DEPLETION OF NATURAL DEPOSITS

280.-DEPLETION DEFINED.

The Income Tax law also recognizes the loss due to depletion of natural deposits in the case of certain kinds of property and makes specific provision for taking care of such loss and thereby returning to the taxpayer the capital investment in the natural deposits which are in the end supposed to be exhausted by the operation of the properties.

Commonly, such properties are wells, tapping supplies of oil or gas, and mines, containing mineral deposits in solid form. As production proceeds, it is obvious that, in the one case the oil or the gas flow naturally diminishes and that, in the other, there must come a time when the ore will all have been extracted. And so the law allows for deduction from gross income on account of such depletion of deposits.

This allowance is entirely separate and distinct from that covering depreciation of physical property. In other words, the terms "depreciation" and "depletion" must not be confused. The allowances are computed differently, and one has no relation to the other except insofar as both represent a return of capital investment.

281.-WHAT THE LAW SAYS.

In the language of the law deduction can be claimed for

(a) in the case of oil and gas wells a reasonable allowance for actual reduction in flow and production to be ascertained not by the flush flow, but by the settled production, or regular flow;

(b) in the case of mines a reasonable allowance for depletion thereof not to exceed the market value in the mine of the product thereof which has been mined and sold during the year for which the return and computation are made,

such reasonable allowance to be made in the case of both (a) and

(b) under rules and regulations to be prescribed by the Secretary of the Treasury;

Provided, That when the allowance authorized in (a) and (b) shall equal the capital originally invested, or, in the case of purchase made prior to March 1, 1913, the fair market value as of that date, no further allowance shall be made.
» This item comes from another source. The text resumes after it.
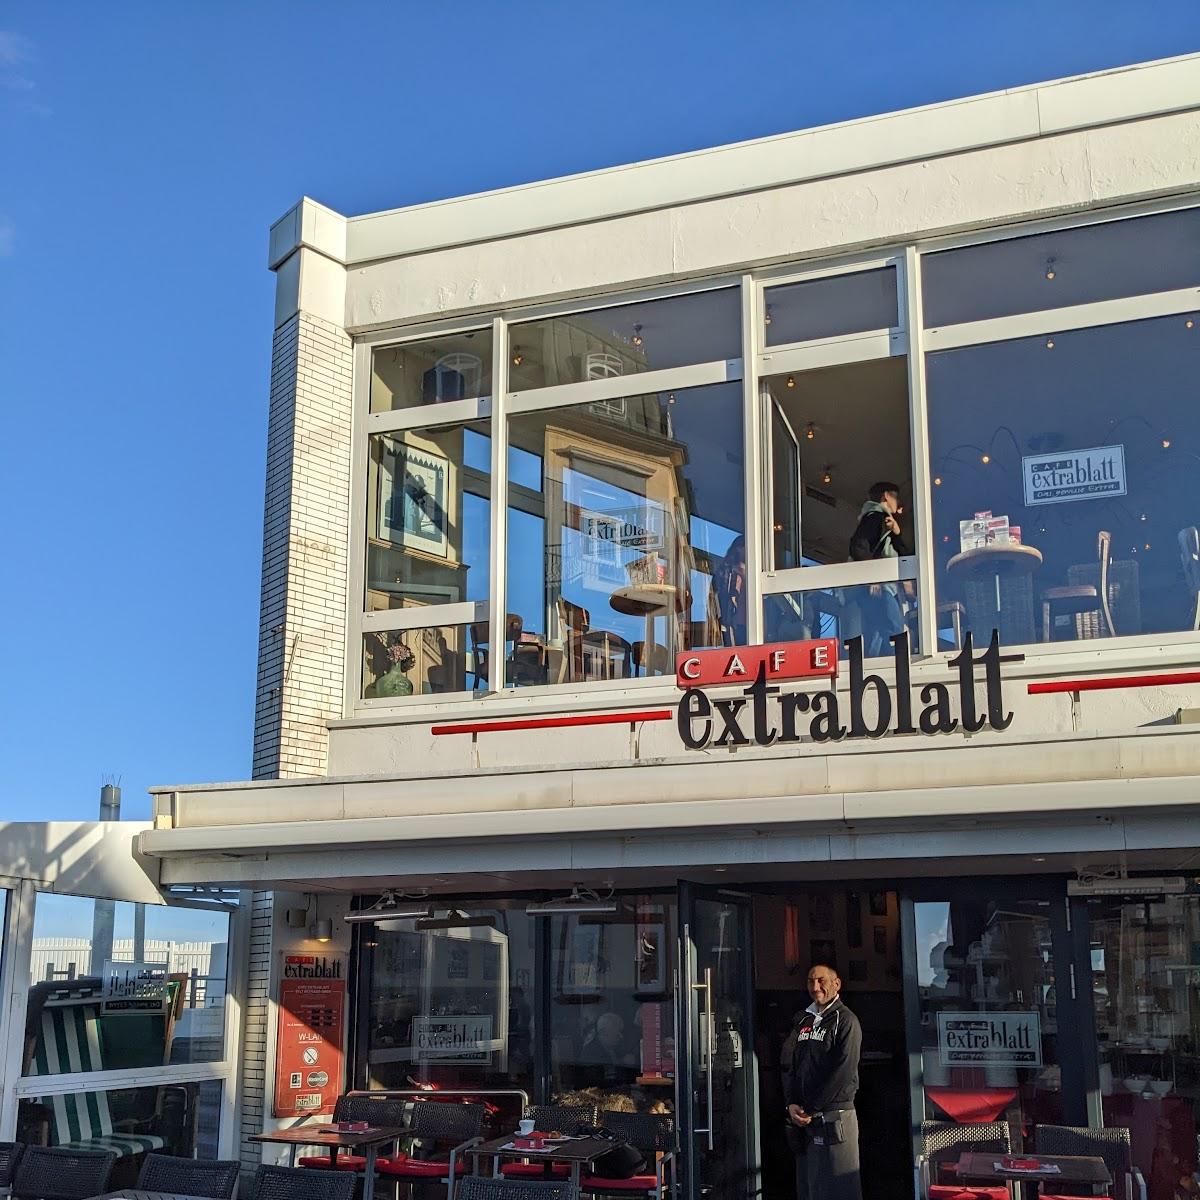 Restaurant "Cafe Extrablatt" in Sylt
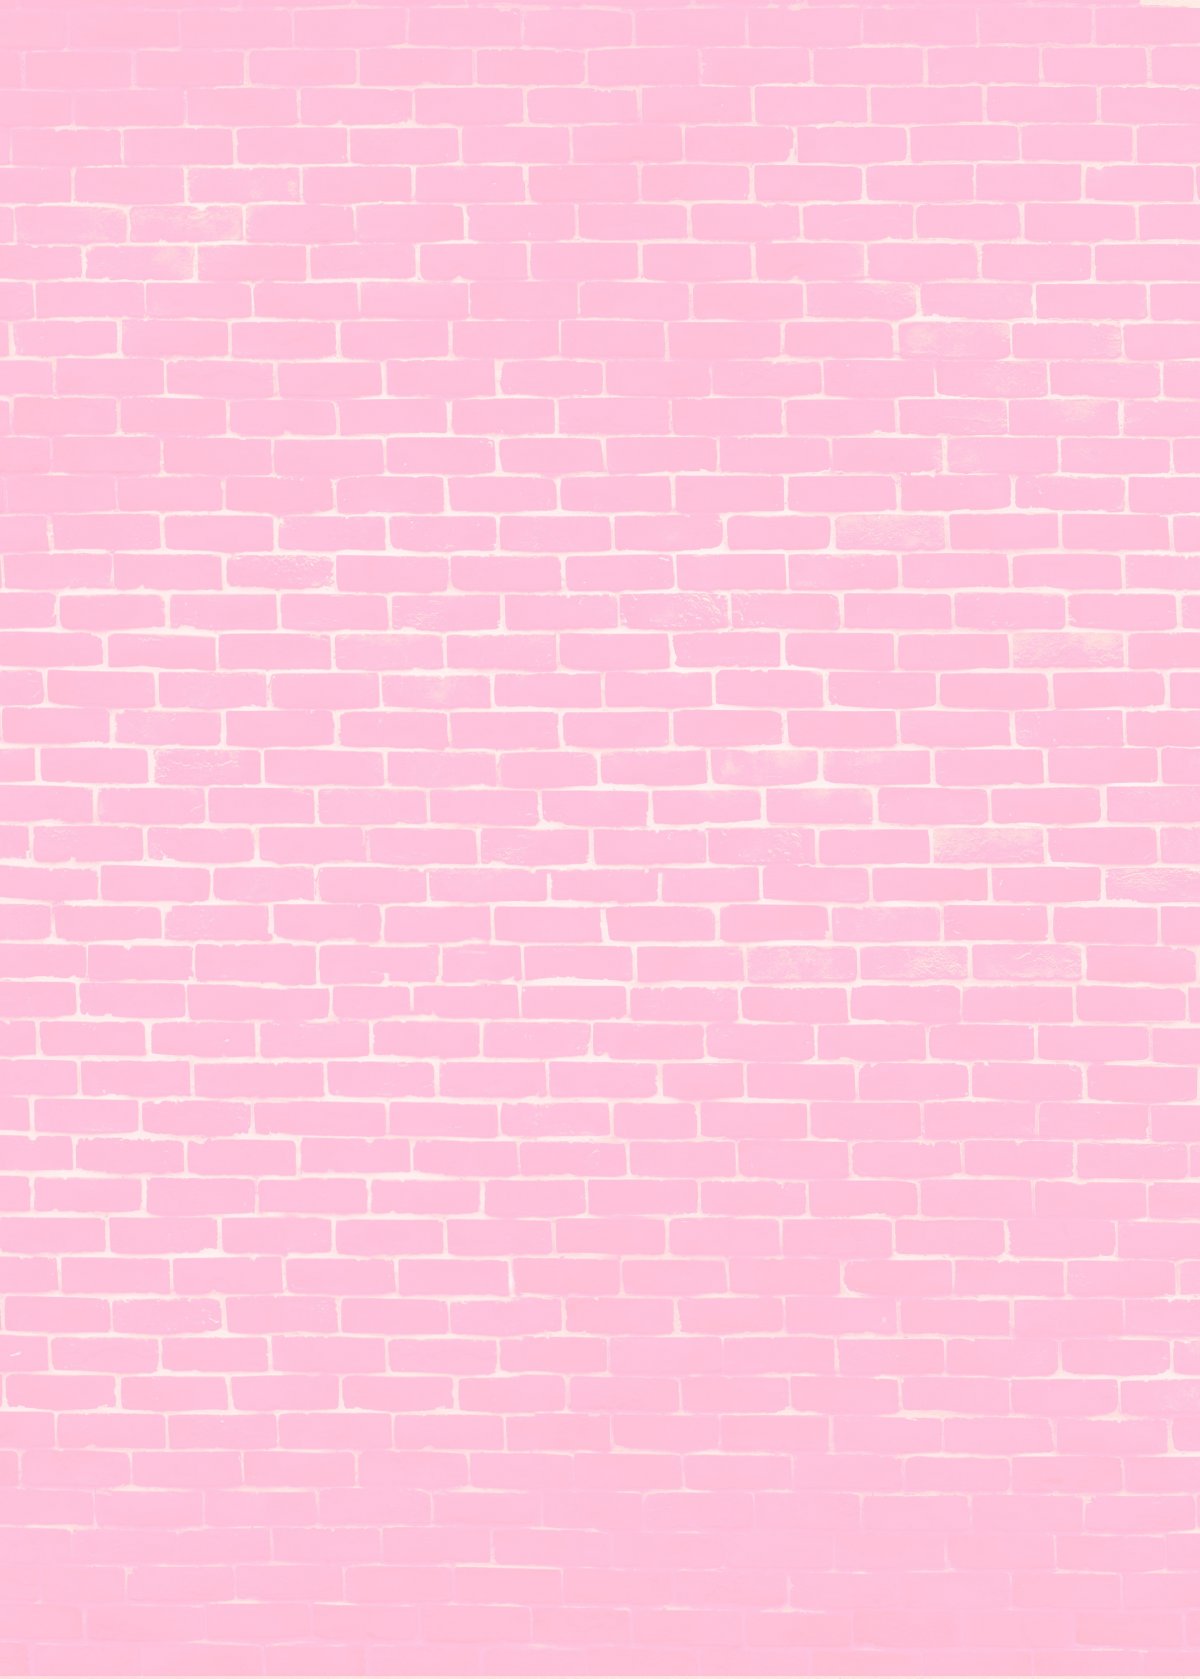 粉红色砖墙背景图片,高清图片

282.-CAPITAL TO BE RETURNED.

From a careful reading of the above quotation from the law it will appear that the amount of capital to be returned by allowance for depletion depends on the date of acquisition of the property.

(a) If the property was acquired prior to March 1, 1913, the fair market value, as of that date, represents the capital eventually to be returned by annual deductions.

(b) If the property has been acquired within the period of time beginning March 1, 1913, the cost represents the capital eventually to be returned by annual deductions.

And by "fair market value" and "cost" are meant the fair market value and cost of the natural deposits with respect to the depletion of which deduction is claimed.

283.-DEPLETION OF OIL OR GAS.

It has been deemed advisable here to print in full the regulations made by the Treasury Department under date of February 8, 1917, in Treasury Decision 2447, relative to allowances for depletion of oil and gas. An arbitrary system of inserting subheadings has been introduced in order that attention may be the more readily directed to the various provisions of the decision. After quoting the law making provision for deduction for depletion, the Department directs as follows:

Applies to Owners.

The purpose of this provision is to afford a means whereby the individual or corporation owning oil or gas producing properties may, during the period of operation, deduct from gross income the cost of, or capital actually invested, in the natural deposits, if the investment was made subsequent to March 1, 1913, or the fair market value as of March 1, 1913, if purchased prior to that date, the measure of the deduction being the reduction in the flow and production.

Must Be Reasonable.

The annual deduction must be reasonable and not in excess of such a percentage of the cost or value as the case may be and as herein defined, of the oil or gas producing properties as is indicated by the reduction in the original flow or settled production of one year as compared with that of the preceding year.

By Individual Well or By Group.

For the purpose of this deduction note may be taken of the reduction in flow and production of such individual wells as were producing

oil or gas during or at some time within the year, of groups of wells or of all wells in the field or territory embraced in the same ownership. If tested by the aggregate flow of all of the wells in the field or territory, owned by an individual or corporation and new wells shall have been developed during the year, it is possible that at the end of the year there will have been no reduction in flow and production, in which case, under the specific provision of the law hereinbefore quoted and under which the depletion deduction is measured by the reduction in flow and production, there can be no deduction for depletion.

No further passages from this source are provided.